Kastration der Hündin aus verhaltensbiologischer Sicht

Medizinische Gründe werden bei der Kastration der Hündin – im Gegensatz zu der des Rüden – mit 81% als häufigste Indikation für diesen Eingriff angegeben, gefolgt von Haltergründen mit 64%. Verhaltensprobleme machen bei der Hündin hingegen gerade mal 14% aus (Mehrfachnennungen waren möglich). Nach dem Artikel über die Kastration des Rüden in WUFF 12/2010 behandeln ­Tierärztin Sophie Strodtbeck und Verhaltensbiologe Privatdozent Dr. Udo Gansloßer das Thema der Kastration der Hündin aus verhaltensbiologischer Sicht. Die Autoren vertreten und begründen eine Ansicht, die der heute gängigen zum Teil widerspricht.

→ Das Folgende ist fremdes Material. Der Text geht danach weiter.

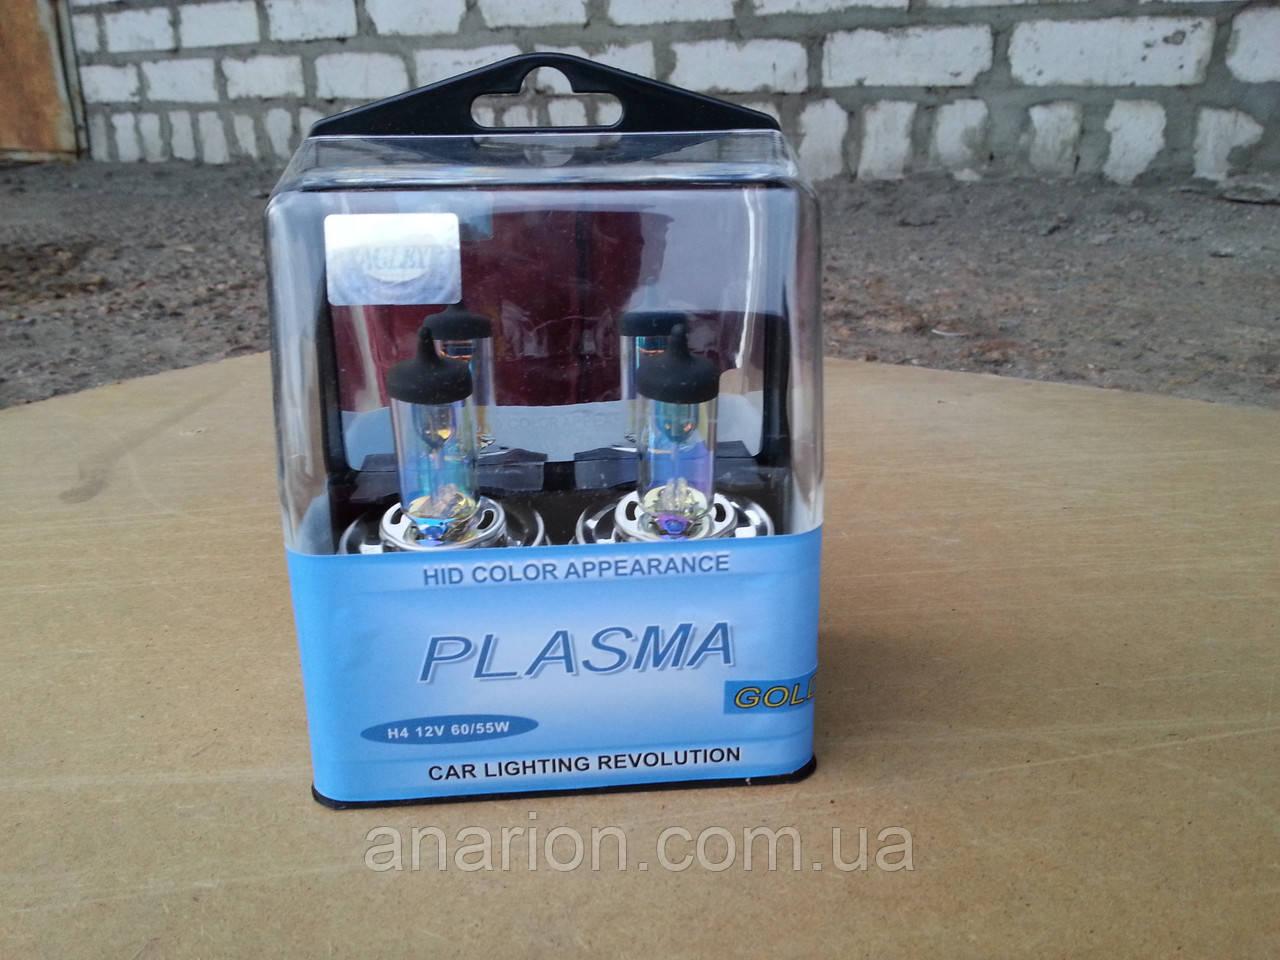 Автолампа H4 12v 60/55w P45T Plazma Gold на ВАЗ 2101- для дождливой погоды!

Die medizinischen Gründe für die Kastration der Hündin sind die Prophylaxe von Gebär­mutterentzündungen, Gesäuge­tumoren und von Problemen, die im Zusammenhang mit der Scheinträchtigkeit, die korrekterweise als Scheinmutterschaft bezeichnet werden muss, auftreten können.

Gesäugetumore
Bei Hündinnen rangieren die Mamma­tumoren unter den Tumorerkrankungen unbestritten relativ weit vorne, verschiedene Studien ergaben Zahlen von ca. 30 – 40 % Gesäugetumoren (bös- und gutartige) unter den Tumor­erkrankungen bei Hündinnen. Noch problematischer ist die Sterblichkeitsrate bei den bösartigen Gesäugetumoren: laut verschiedenen Studien sterben um die 60 % innerhalb der ersten 2 Jahre nach Entfernung des Tumors. Aber stellt dies einen Grund für eine (Früh-) ­Kastration dar?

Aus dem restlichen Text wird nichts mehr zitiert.